Dog Licensing Bill Waits to Reach Finish Line

Written by Robert Swift, Capitolwire.com Staff Reporter

HARRISBURG (July 19) – Dog oversight legislation five years in the making will have to wait longer to be enacted with the state budget impasse changing session schedules.

The legislation — Senate Bill 746 — to increase the dog license fee for the first time in more than 25 years and address other enforcement issues is close to final passage.

The Senate approved it 43-7 last month. The bill cleared the House Agriculture and Rural Affairs Committee with no amendments by a 17-3 vote on June 21. SB746 is now in the House Appropriations Committee.

The Senate and House aren’t scheduled to return until mid-September at this time with a state budget package not finished due to a partisan dispute over school voucher funding. Both chambers can be recalled to break the impasse before those return dates.

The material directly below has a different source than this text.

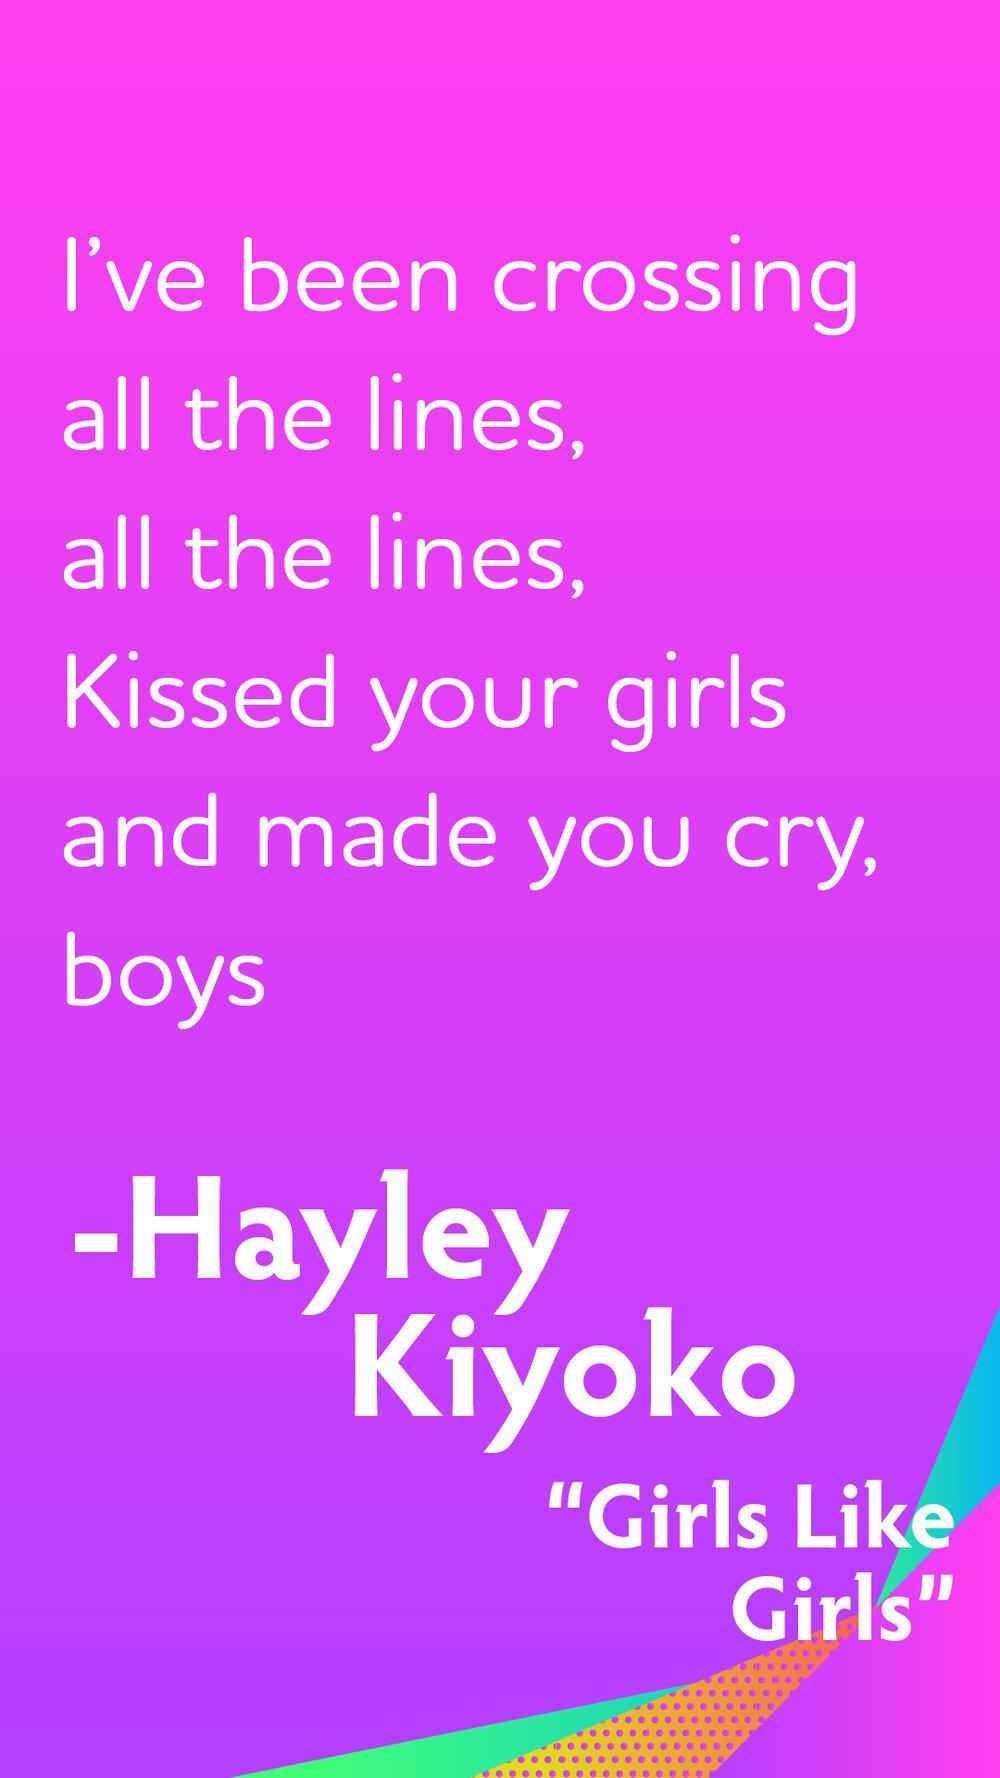 Pride2018_IGStory_Lyrics-05.jpg

“We’ve been working on this bill for five years,” said Rep. Eddie Day Pashinski, D-Luzerne, majority chairman of the House Agriculture and Rural Affairs Committee. Pashinksi said passing the bill is a top priority.

He said the immediate goal is to keep the bill free of amendments in order to maintain the bipartisan work that advanced the legislation to this stage.

“This (dog bill) is just one of many bills we will be working on as soon as we return to session,” said Elizabeth Rementer, spokeswoman for House Majority Leader Matt Bradford, D-Montgomery.

SB746 would set the annual dog license at $8 and charge owners $80 (currently $51.50) for a lifetime license. State residents aged 65 and older and individuals with disabilities would pay $6 for an annual license or $50 for a lifetime license. The bill would increase kennel inspection fees by 25 percent for each kennel classification and address other issues, including clarifying how a determination of a dangerous dog is made, revoking kennel licenses when the kennel owner is charged with animal cruelty, requiring more transparency in dog sale ads about the source of a dog. The state Agriculture Department and animal humane groups have pressed for a number of years for a license hike to support the cash-strapped Dog Law Enforcement Bureau within the department.

Pashinski said the dog enforcement bureau operated with its own licensing and kennel fee revenue for more than 100 years and it’s only been in recent years that state tax dollars have gone to support it.

Commenting on the Senate passage vote, the bill sponsor Senate Agriculture Majority Chairman Elder Vogel, R-Beaver, said the bureau has been struggling over the past several years to cover basic operations and fill critical warden vacancies. Vogel stressed SB746 takes steps to increase dog licensing compliance. Only 50 percent of dogs are now licensed, he added.

SB746 would require that a dog be licensed at three month or age or the point of transfer to a new owner, whichever occurs first. It would require an online licensing website in each county and create a statewide licensing database.